Someone posted this week about a “friend” who was upset that they joked about their illness. My response was something like, “That guy’s an asshat, it’s not your job to act how he thinks sick people should act.” And it’s not. I don’t keep my central lines uncovered because it makes some statement about illness. I keep them uncovered because I genuinely can’t be bothered. It’s just not who I am to care.

But I care about my disease, and I care about the life I can’t have because of it, and sometimes, it’s too much. Some days I am tired of cleaning up vomit and emptying bags of my own waste and cleaning blood stains out of my clothes. Do not mistake my resoluteness for apathy.
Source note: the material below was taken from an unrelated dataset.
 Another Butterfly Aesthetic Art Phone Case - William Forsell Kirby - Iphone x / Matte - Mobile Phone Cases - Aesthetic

This ability to move forward, to not be upset about mundane things – it is a learned skill, not a natural acceptance of the terrible reality of chronic disease. We are just trying to find grace in life. We are just hoping to navigate through the rough pockets with some autonomy and a little bit of dignity.

 

Artifact

I have spent a lot of my professional life using microscopes. There is this rhythm you get into, when you do it a lot; lifting the edge of the slide out of the book with a gloved fingernail, pulling back the guard to slide the glass into place, spinning the fine adjustment back and forth with your fingertips. Sitting taller to look through the eyepiece into the tiny world below. Looking closely to see the ways you may have changed it.

The process of putting a sample on a slide and staining it can change it, sometimes even if you’re careful. Things look desiccated if you dry them too fast; elongated and distorted if you compress the sample. The dye sits heavy in some places and doesn’t wash off completely. When I look at a slide, I’m not looking at a sample. I’m looking at a sample that I changed in some way. These changes can be misread if not careful, because once I make them, they blend right into that tiny world. They are artifacts of my actions, some damage left behind by the process of being examined.
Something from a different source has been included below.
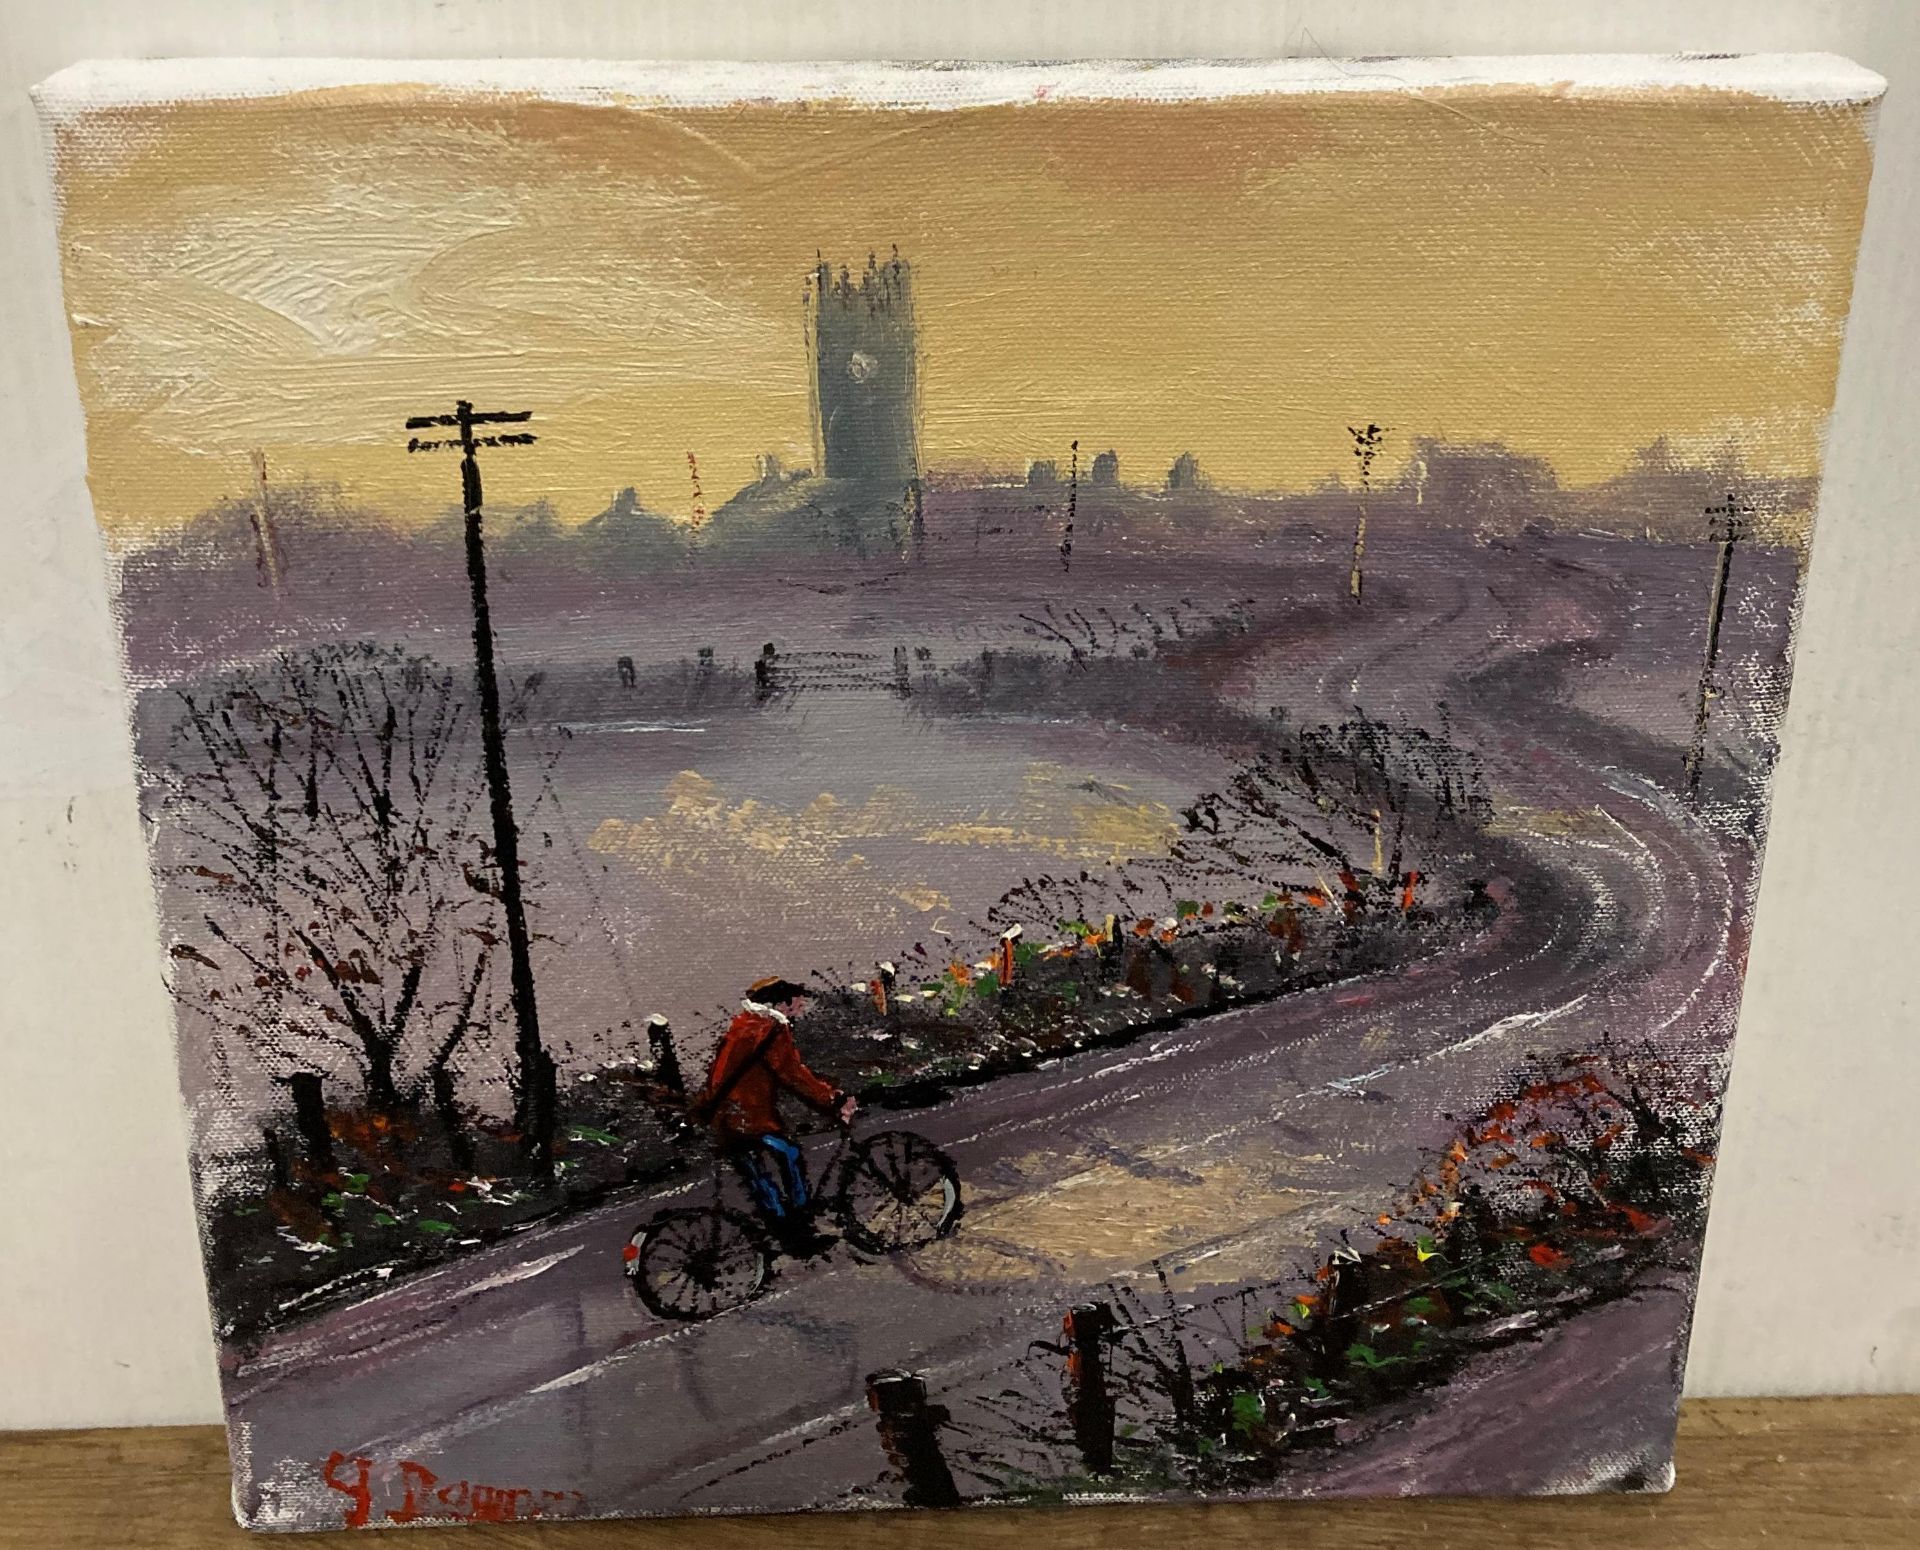 † James Downie oil on canvas 'Bike Ride in The Countryside' 30cm x 30cm, - Image 3 of 4

I spent most of last week in bed. My GI tract felt like I had swallowed lava. I had abdominal neuropathy that felt like electrical shocks spiderwebbing out from just below my xiphoid process. I was tired, weak and foggy from the anesthesia. I slept a lot and watched Netflix and did work from the relative comfort of my bed. These symptoms are not really so much from masto so much as they are from the procedure. Anytime I have a procedure, anytime I take medication, anytime I change my life to accommodate my disease. It leaves a lasting change not from the disease itself, but from the treatment of it.  It leaves an artifact.

I have had several surgeries. I have had hundreds of imaging tests. I have had so many scopes I literally don’t know how many scopes I have had. Every day I take handfuls of pills, infusions, injections, push meds.   This week I am acutely aware of the damage I have sustained by virtue of being treated for my disease. My mast cell medications bring my already slow GI tract to a dead halt. But of course the alternative is that I don’t treat my disease – and of course that’s worse. Right? It’s worse, right?
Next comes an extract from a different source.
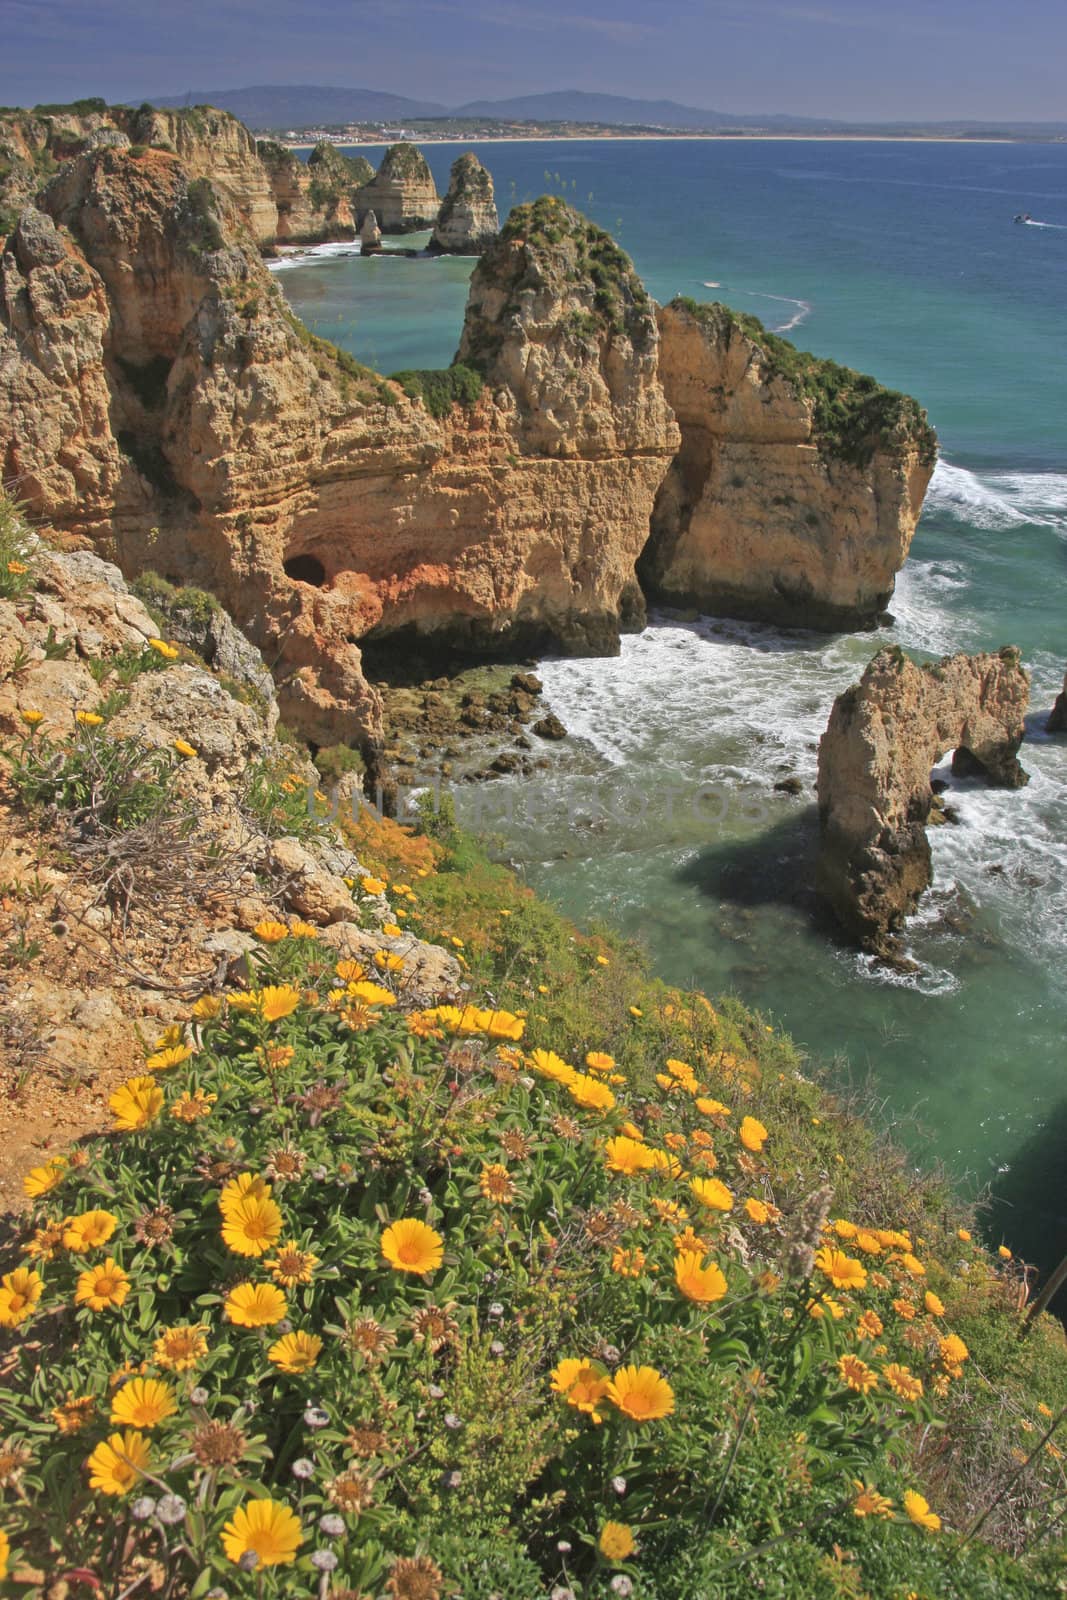 Flowers and seaside cliffs, Algarve, Portugal by donya_nedomam

I know it is worse. I know that I will never live safely without meds. I in no way mean to imply that I am stopping treatment. It’s just getting really hard to know what is from my disease and what is from the treatment. It’s getting hard to know all the ways I have been altered by the experience of living with mast cell disease.

I feel more and more the toll this constant need for medical care is taking on me. With my accessed port, my surgical scars, my ostomy,  I myself am becoming increasingly damaged by this process. I am becoming an artifact.